Mr Soro announced on Sunday evening that they had surrounded Abidjan, and there was panic among Mr Gbagbo's troops.

"The situation is now ripe for a rapid offensive," he told Mr Ouattara's television station, TCI.

"The operation will be rapid because we have discovered the exact number of operational tanks on the ground.

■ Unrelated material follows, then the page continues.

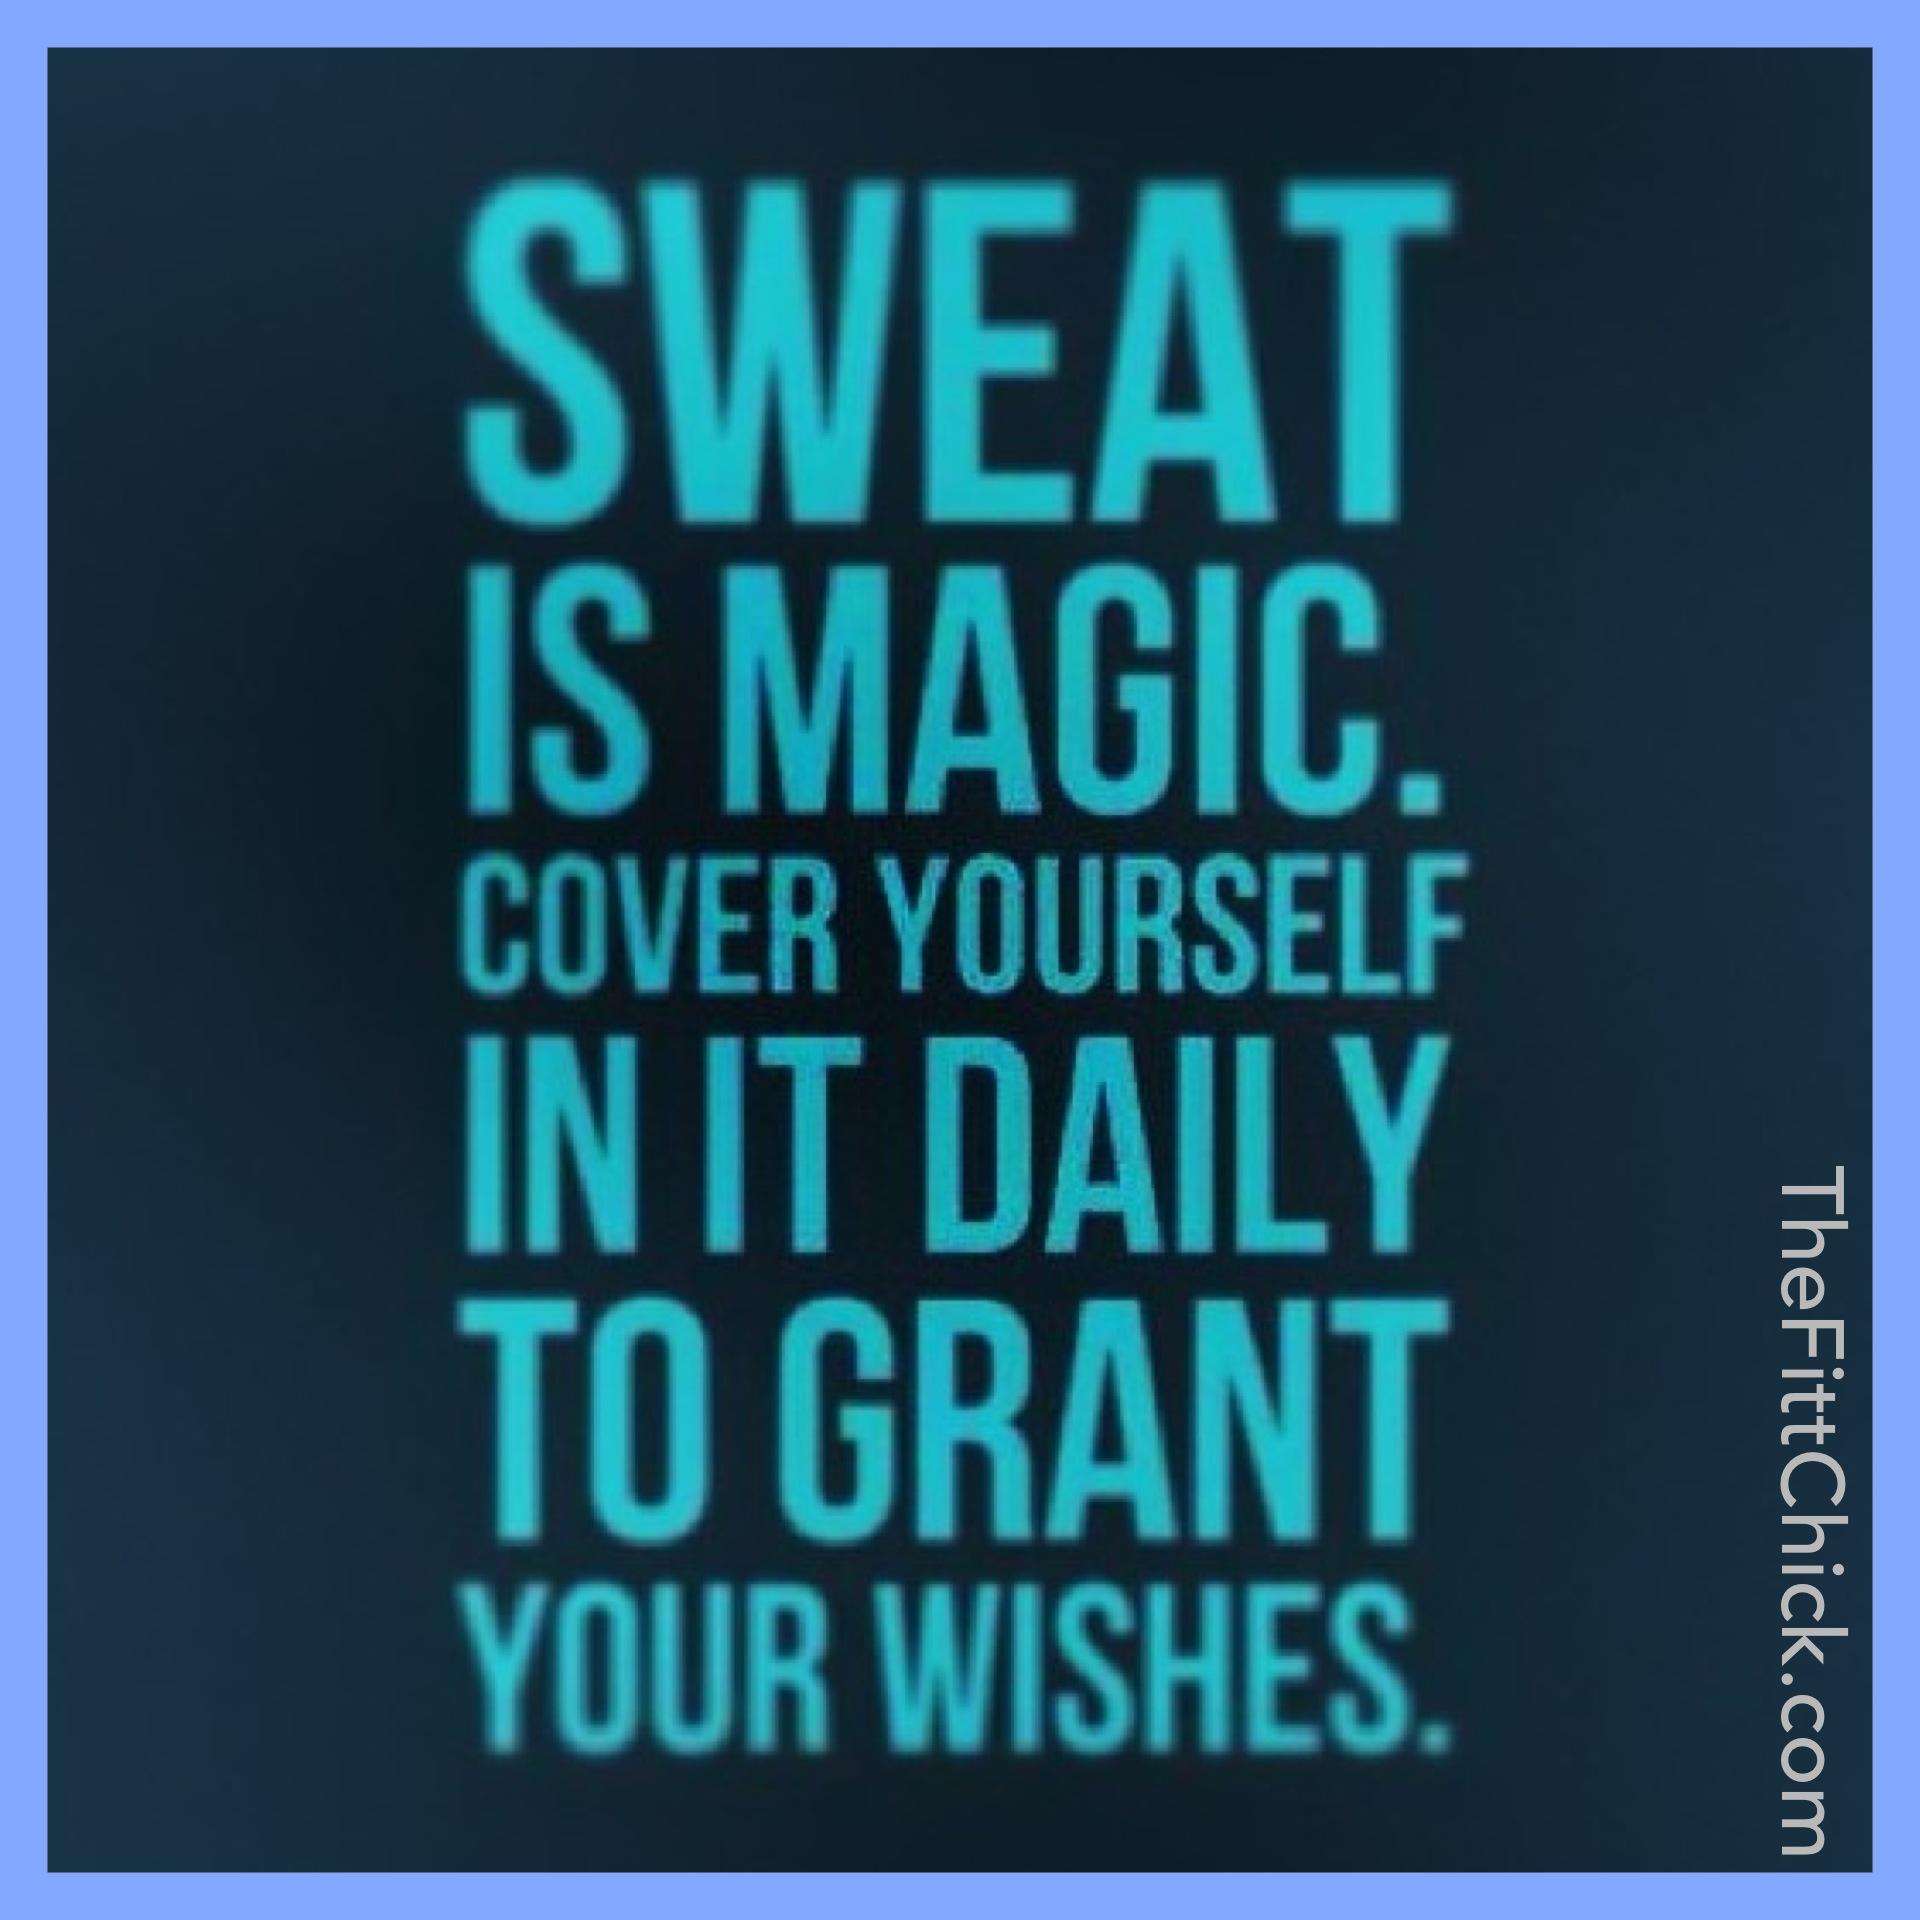 Get Sweaty Saturday From Thefittchick Thefittchick

Ivorians must trust in the Republican forces."

Mr Ouattara's forces captured most of the country after mounting a major offensive a week ago.

But the battle for Abidjan has been much harder in a city where Mr Gbagbo draws much of his support.

The BBC's John James in the central city of Bouake says pro-Gbagbo state television has become notably fiercer in the last 24 hours.

People have been urged to come out and form a human shield around Mr Gbagbo's residence.

Broadcasts have accused French peacekeepers of being an "occupying force" intent on genocide.

The French have taken control of Abidjan airport from the UN mission and are beefing up their force to 1,650 soldiers.

'Drogba's town attacked'

The French military say the aim is to allow commercial flights to resume so foreign citizens can be evacuated.

Former colonial ruler France has had peacekeepers in Ivory Coast since its civil war, which began in 2002 and ended two years later.

Mr Gbagbo's spokesman, Abdon George Bayeto, told the BBC's World Today programme on Monday there was an international plot against the incumbent president.

"When it comes to a fight we are going to put up a fight," he said. "The president is not going to step down."

He also said Chelsea footballer Didier Drogba's father's hometown of Guiberoua, in western Ivory Coast, had been attacked on Sunday and people killed there.

UN peacekeepers are protecting tens of thousands of civilians who have taken refuge in the compound of a church in the western town of Duekoue.

The UN says more than 330 people died last week as Mr Ouattara's forces took over the town.

More than 100 of them were killed by Mr Gbagbo's troops, it adds.

Mr Ouattara's officials blamed the deaths on fighting between local militias, and said he would welcome an international inquiry.